**WHAT IS REQUIRED**
Leave the images aside and repeat the whole listing exactly.

**DATA SECTION**
____________

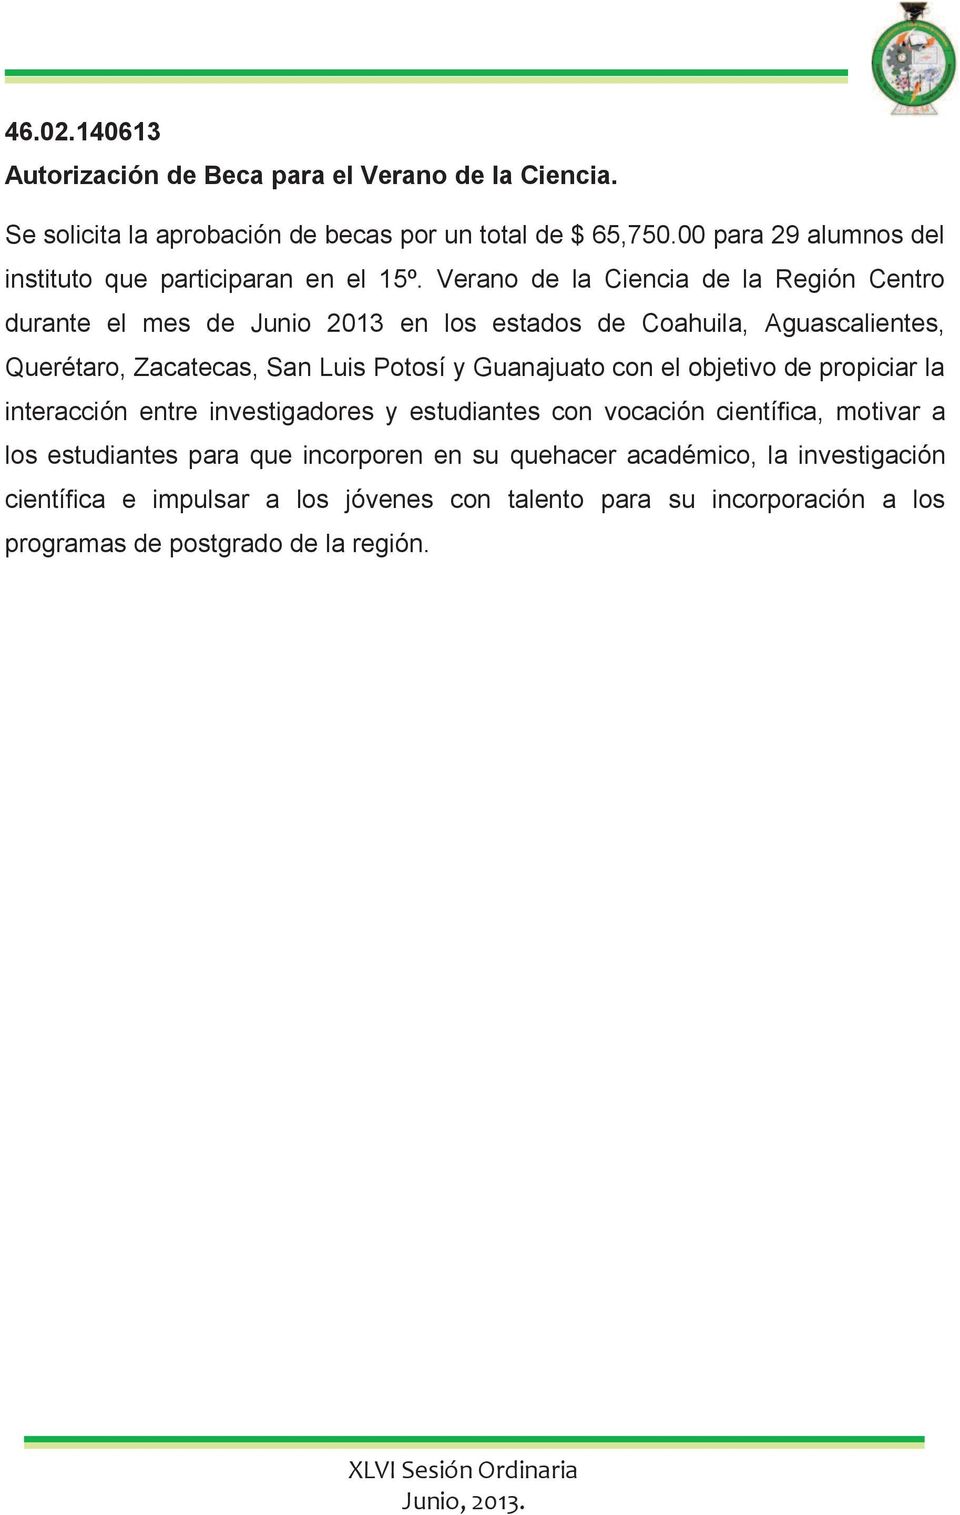 Verano de la Ciencia de la Región Centro durante el mes de Junio 2013 en los estados de Coahuila, Aguascalientes, Querétaro, Zacatecas, San Luis Potosí y
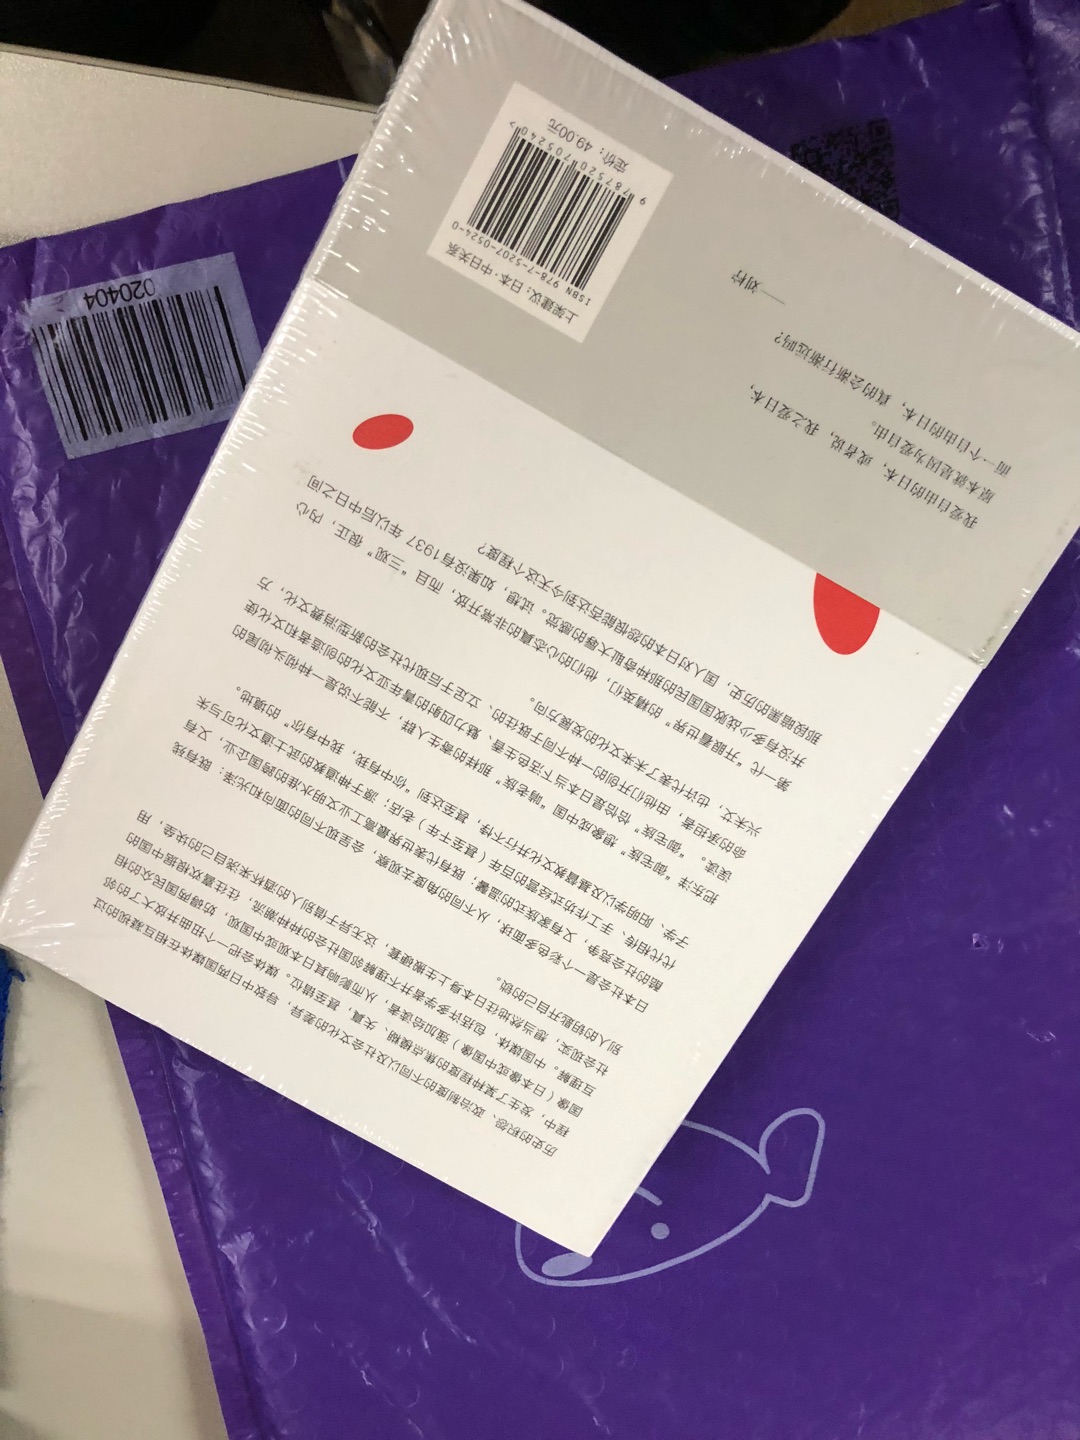 一直喜欢关于日本的一切 这本书从另一种角度解读 希望那些动不动就打倒就抵制的粉红们也学习学习 师夷长技
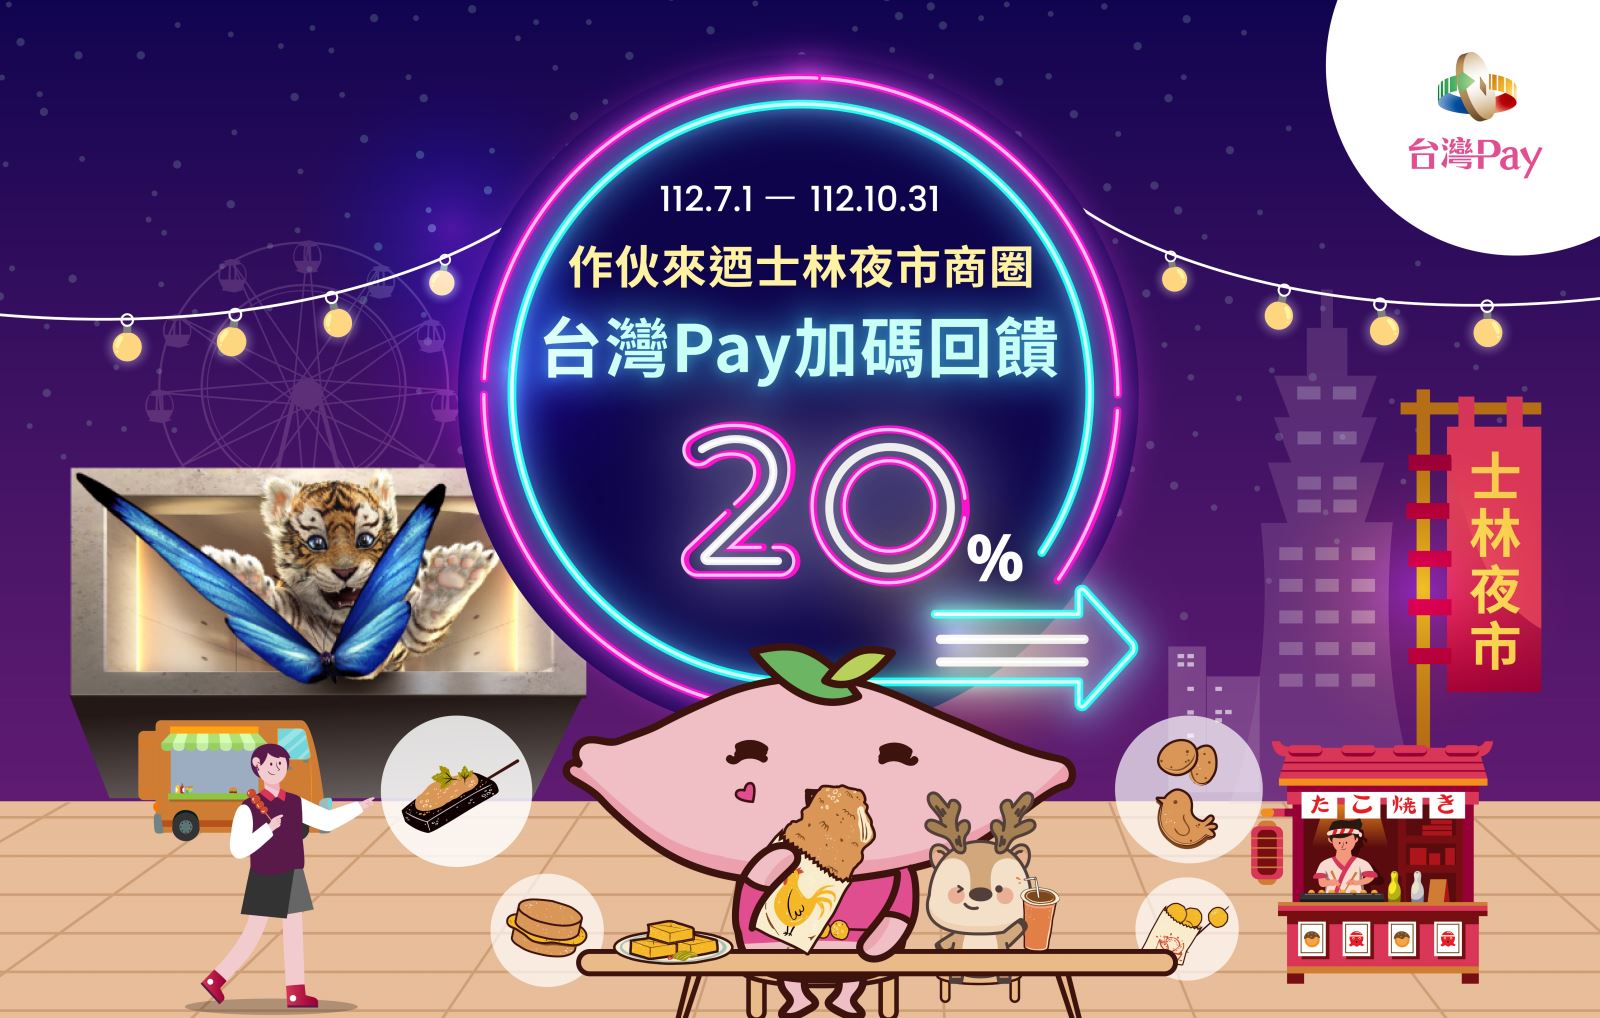 作伙來迺士林夜市商圈 台灣Pay加碼20%回饋，以「台灣Pay」QR Code掃碼支付，單筆消費不限金額可享20%現金回饋

____________

**ANSWER TO THIS TASK**
 Verano de la Ciencia de la Región Centro durante el mes de Junio 2013 en los estados de Coahuila, Aguascalientes, Querétaro, Zacatecas, San Luis Potosí y
 一直喜欢关于日本的一切 这本书从另一种角度解读 希望那些动不动就打倒就抵制的粉红们也学习学习 师夷长技
 作伙來迺士林夜市商圈 台灣Pay加碼20%回饋，以「台灣Pay」QR Code掃碼支付，單筆消費不限金額可享20%現金回饋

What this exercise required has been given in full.